• Material provided
════

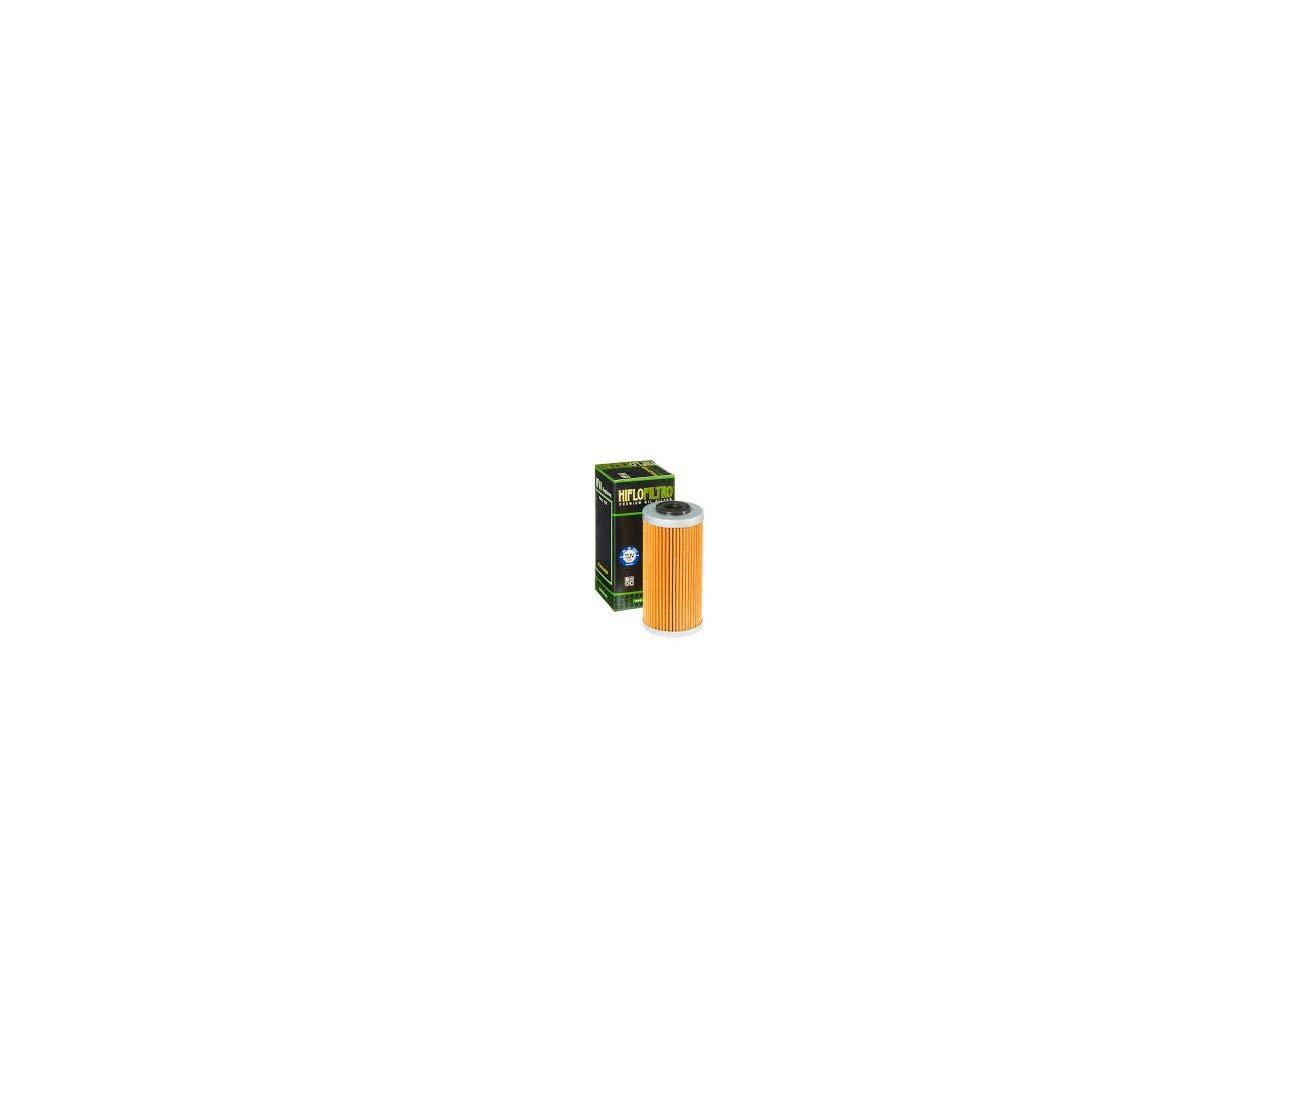 Filtro de aceite HF611 para Sherco SE 2.5i 3.0i 4.5i 5.1i-F Autre 68892
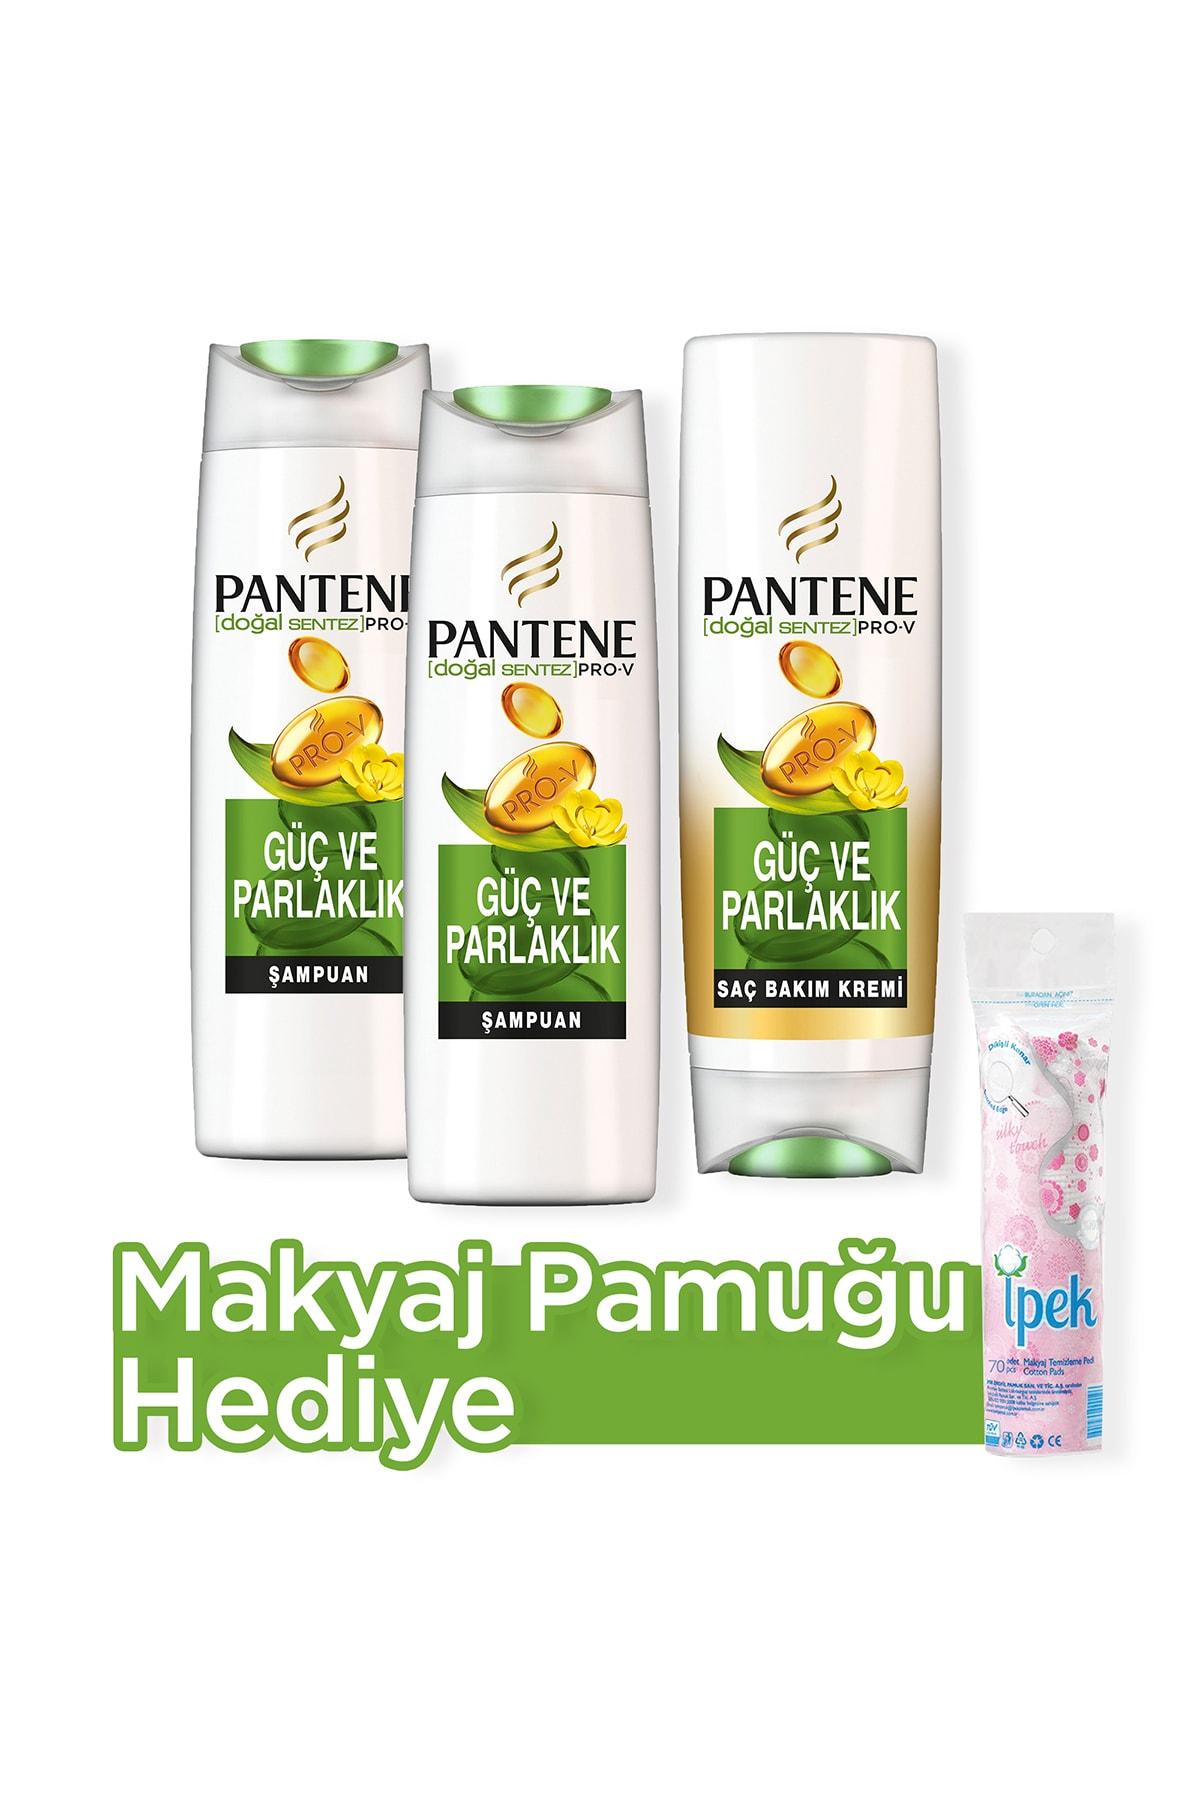 Güç ve Parlaklık Şampuan 500 ml x 2 + Saç Bakım Kremi 470 ml + Makyaj Pamugu Hediye
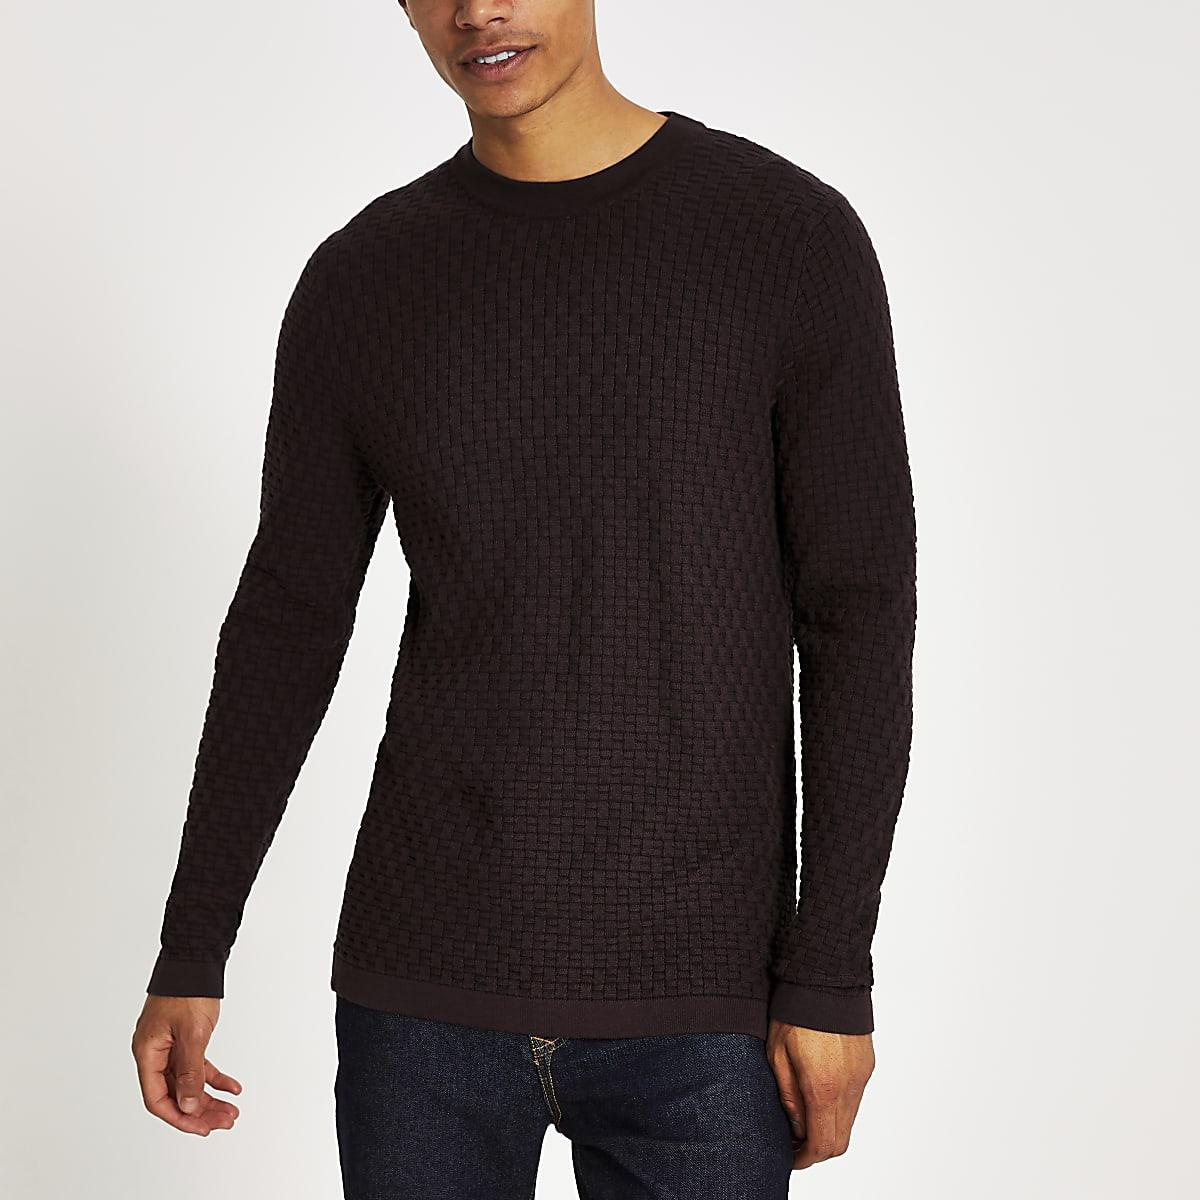 SelectedHomme - Pull en tricot torsadérouge foncé

════

• Brief
Output the lines above in full and exactly as given, omitting any pictures.

• Output
 Filtro de aceite HF611 para Sherco SE 2.5i 3.0i 4.5i 5.1i-F Autre 68892
 Güç ve Parlaklık Şampuan 500 ml x 2 + Saç Bakım Kremi 470 ml + Makyaj Pamugu Hediye
 SelectedHomme - Pull en tricot torsadérouge foncé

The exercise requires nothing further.